▸ **What you need to do**
From the records that follow, return exactly the lines beginning at the one that contains "コトヒラ杯スポーツ少年団野球大会に集まった子どもたちの様子" and ending at the one that contains "Zusamenkunft der Kriegsführenden", pictures left out.

▸ **Information supplied**
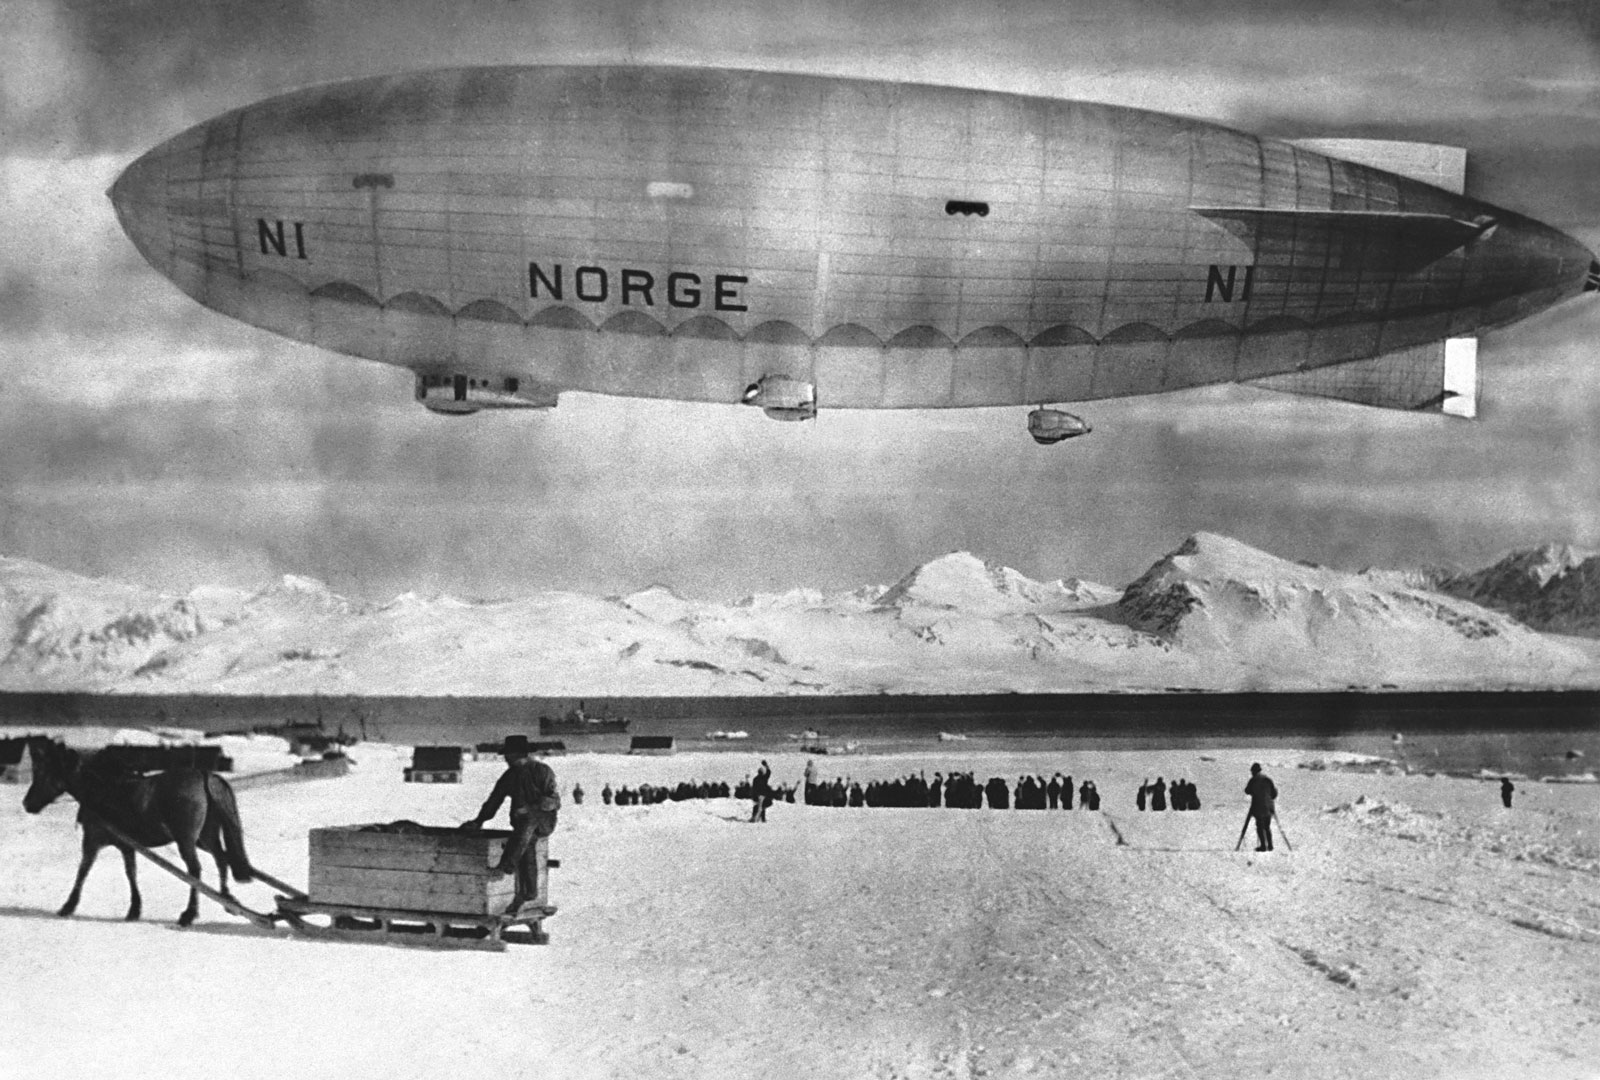 La Conquista del Polo Nord: Roald Amundsen e Umberto Nobile
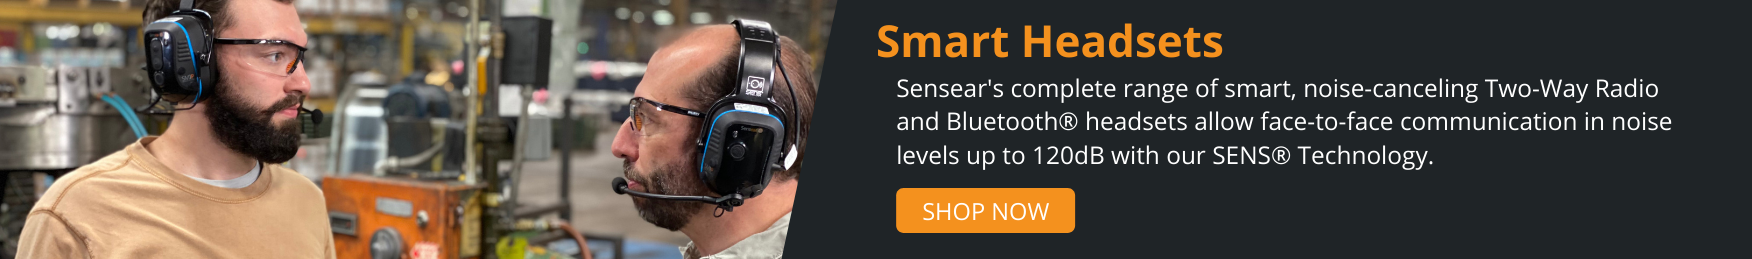 Sensear's Smart Headsets
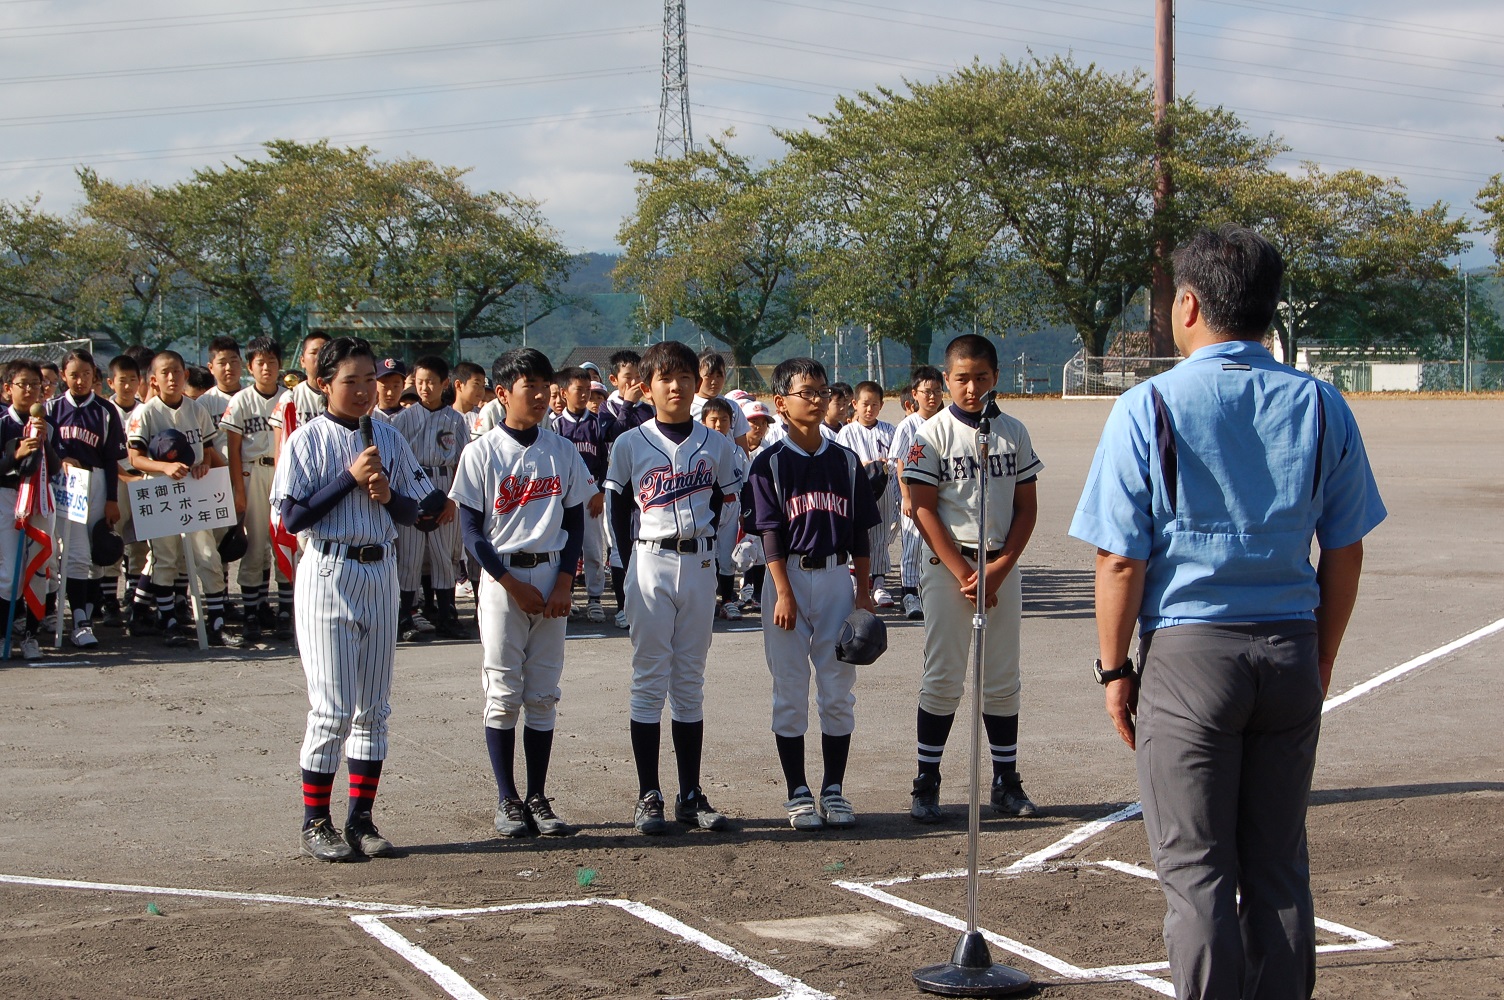 コトヒラ杯スポーツ少年団野球大会に集まった子どもたちの様子
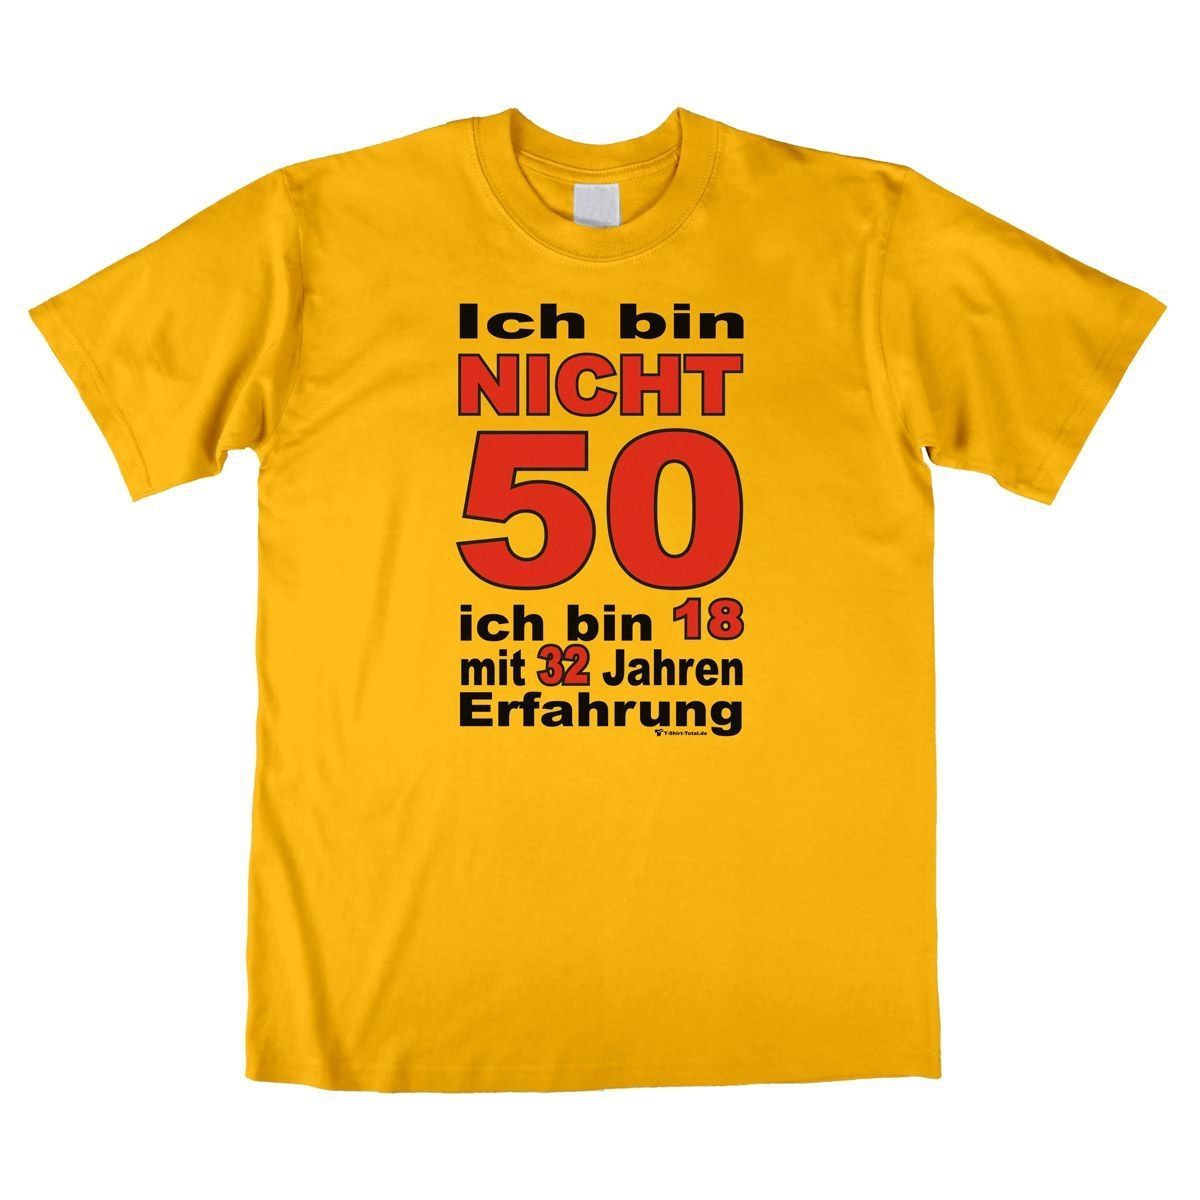 Bin nicht 50 Unisex T-Shirt gelb Large
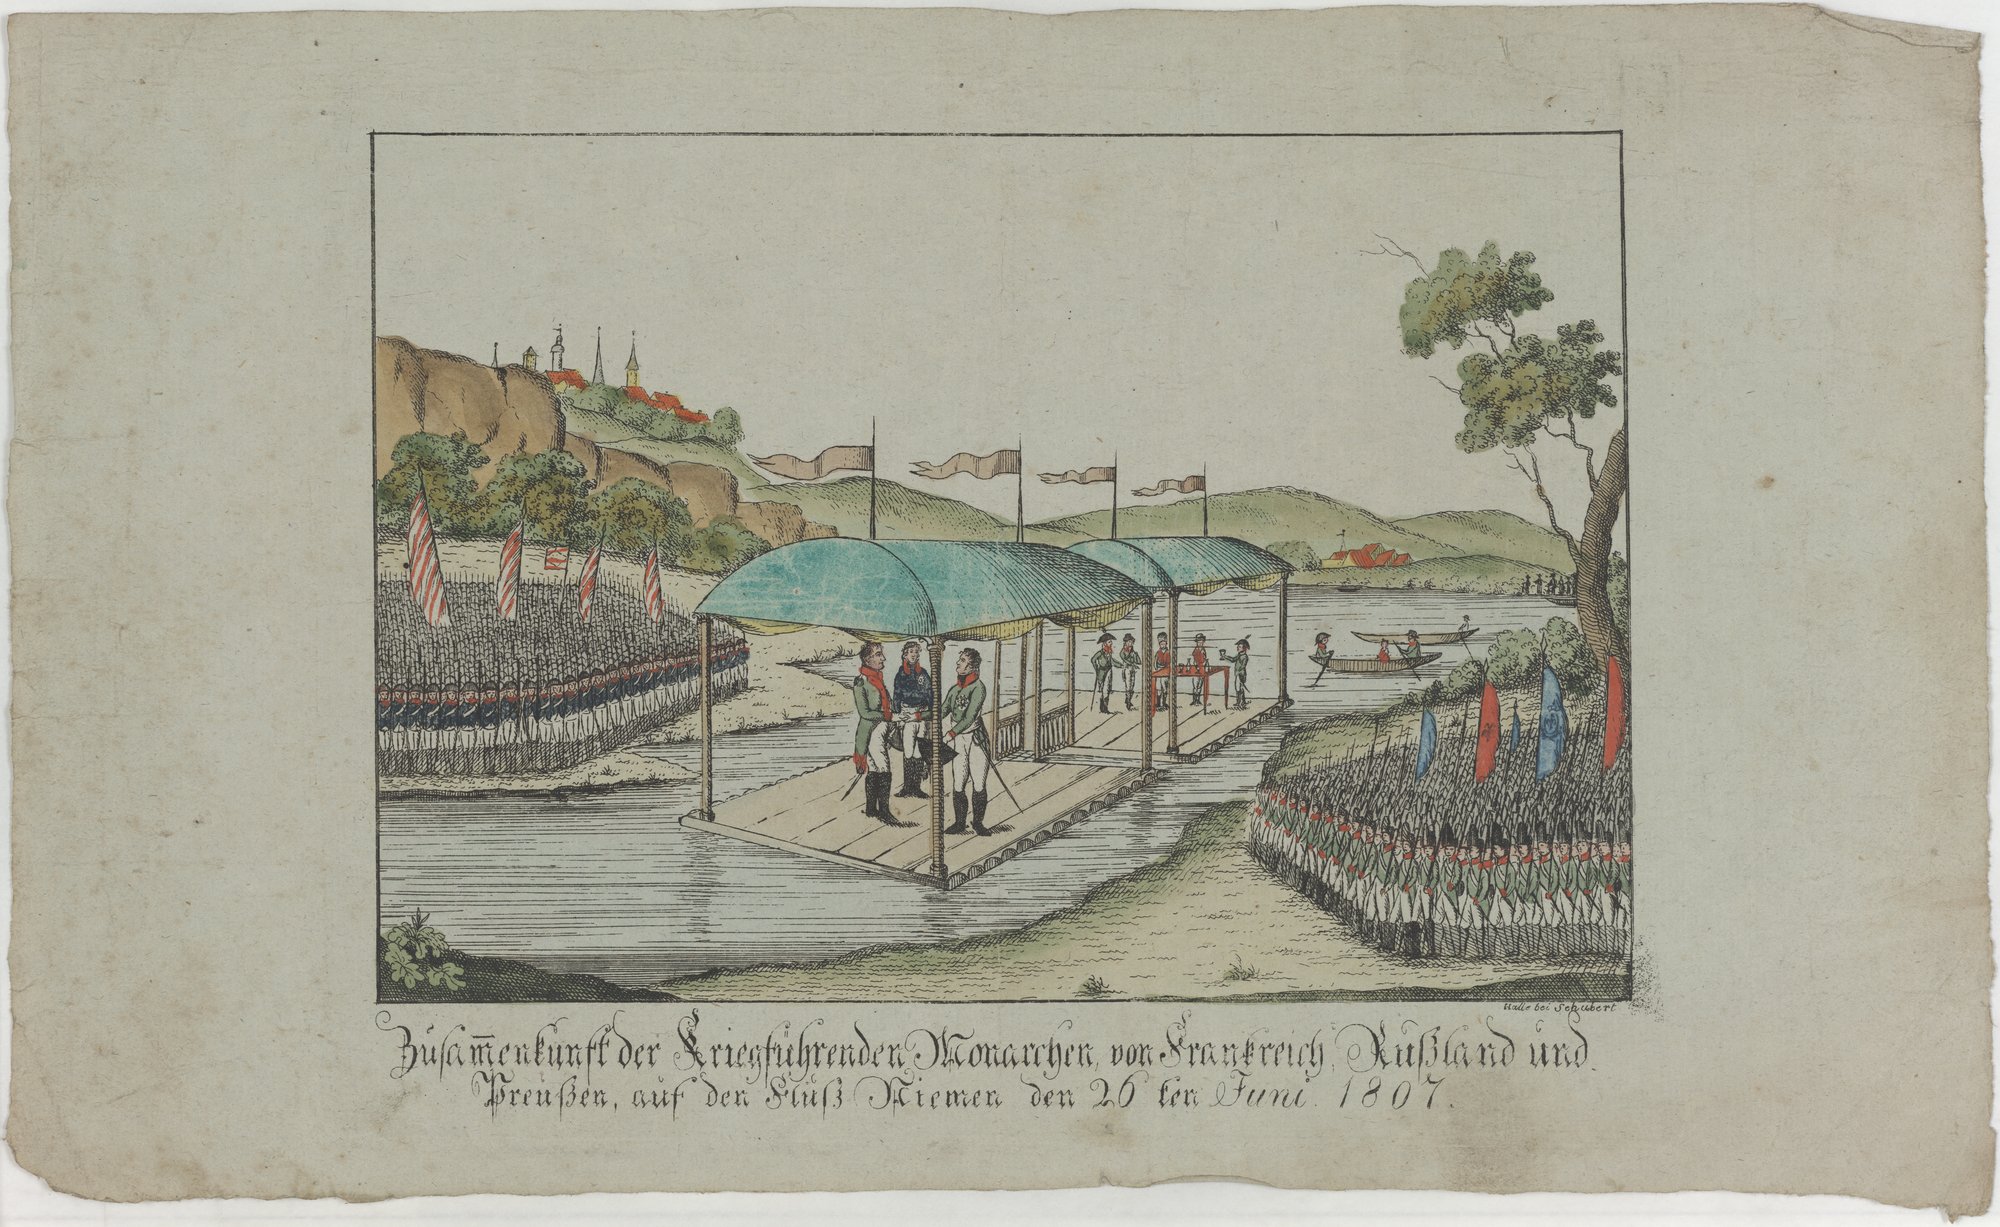 Zusamenkunft der Kriegsführenden Monarchen von Frankreich, Rußland und/ Preußen, auf den Fluß Niemen den 26 ten Juni 1807. (Kulturstiftung Sachsen-Anhalt Public Domain Mark)
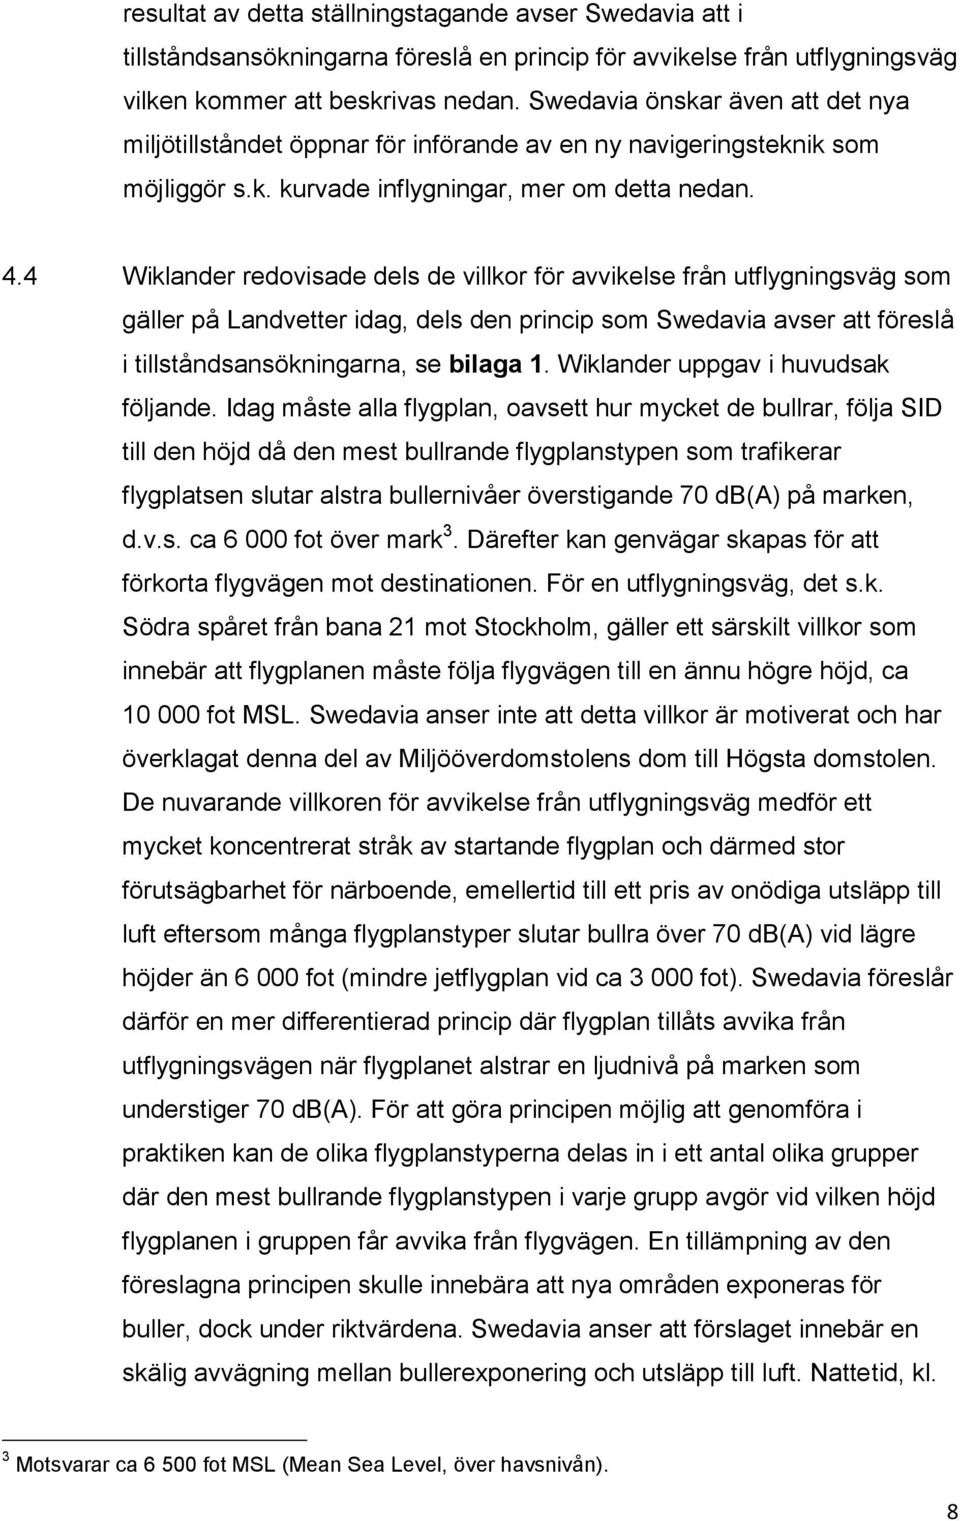 4 Wiklander redovisade dels de villkor för avvikelse från utflygningsväg som gäller på Landvetter idag, dels den princip som Swedavia avser att föreslå i tillståndsansökningarna, se bilaga 1.

▸ **Final answer**
 コトヒラ杯スポーツ少年団野球大会に集まった子どもたちの様子
 Bin nicht 50 Unisex T-Shirt gelb Large
 Zusamenkunft der Kriegsführenden Monarchen von Frankreich, Rußland und/ Preußen, auf den Fluß Niemen den 26 ten Juni 1807. (Kulturstiftung Sachsen-Anhalt Public Domain Mark)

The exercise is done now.